Pan Pacific Symposium Conference Proceedings


Author: Rao R. Tummala
Company: Georgia Institute of Tech.
Date Published: 2/18/2003   Conference: Pan Pacific Symposium

Abstract: As microsystems continue to move towards higher speed and microminiaturization, the demands for interconnection density, both on the IC and the package, increase tremendously. With the shift towards nano ICs by 2003 at or below 100 nm features, pitch of area array I/Os of the nano ICs needs to move towards 100 to 20 microns [1]. What would be the packaging technologies that will make this happen? Would they be at wafer level? Would this be micro- SMT?

Increasing system functionality with system-on-a-chip or system-in-package will place demands further to support extremely high digital and RF speeds beyond 10 GHz, and optical data rates beyond 100 Gbps. A completely new paradigm shift in high density packaging is required to meet these complex requirements. Current trends, both in IC and systems packaging including SIP and wafer level packaging are steps in the right direction, but they are at IC packaging level only.

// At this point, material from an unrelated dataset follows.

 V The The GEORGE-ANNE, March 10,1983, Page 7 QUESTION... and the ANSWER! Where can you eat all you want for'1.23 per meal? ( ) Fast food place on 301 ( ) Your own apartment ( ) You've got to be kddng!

What will be th next level of intercoonnections that are typically done by SMT technologies today. Is it possible that these level of interconnections would merge with the IC level interconnections so as to end up with one set of interconnections? The Packaging Research Center at Georgia Tech has been developing system-on-a-package (SOP) technology to integrate digital, RF, and optical, all on a multi-function, microminiaturized board.

Such a board is connected with micro- SMT in the short term and nano- interconnections in the long term. This paper reviews systems, IC, and high density packaging trends and summarizes some of the latest micro and nano- SMT interconnection technologies that are on the horizon.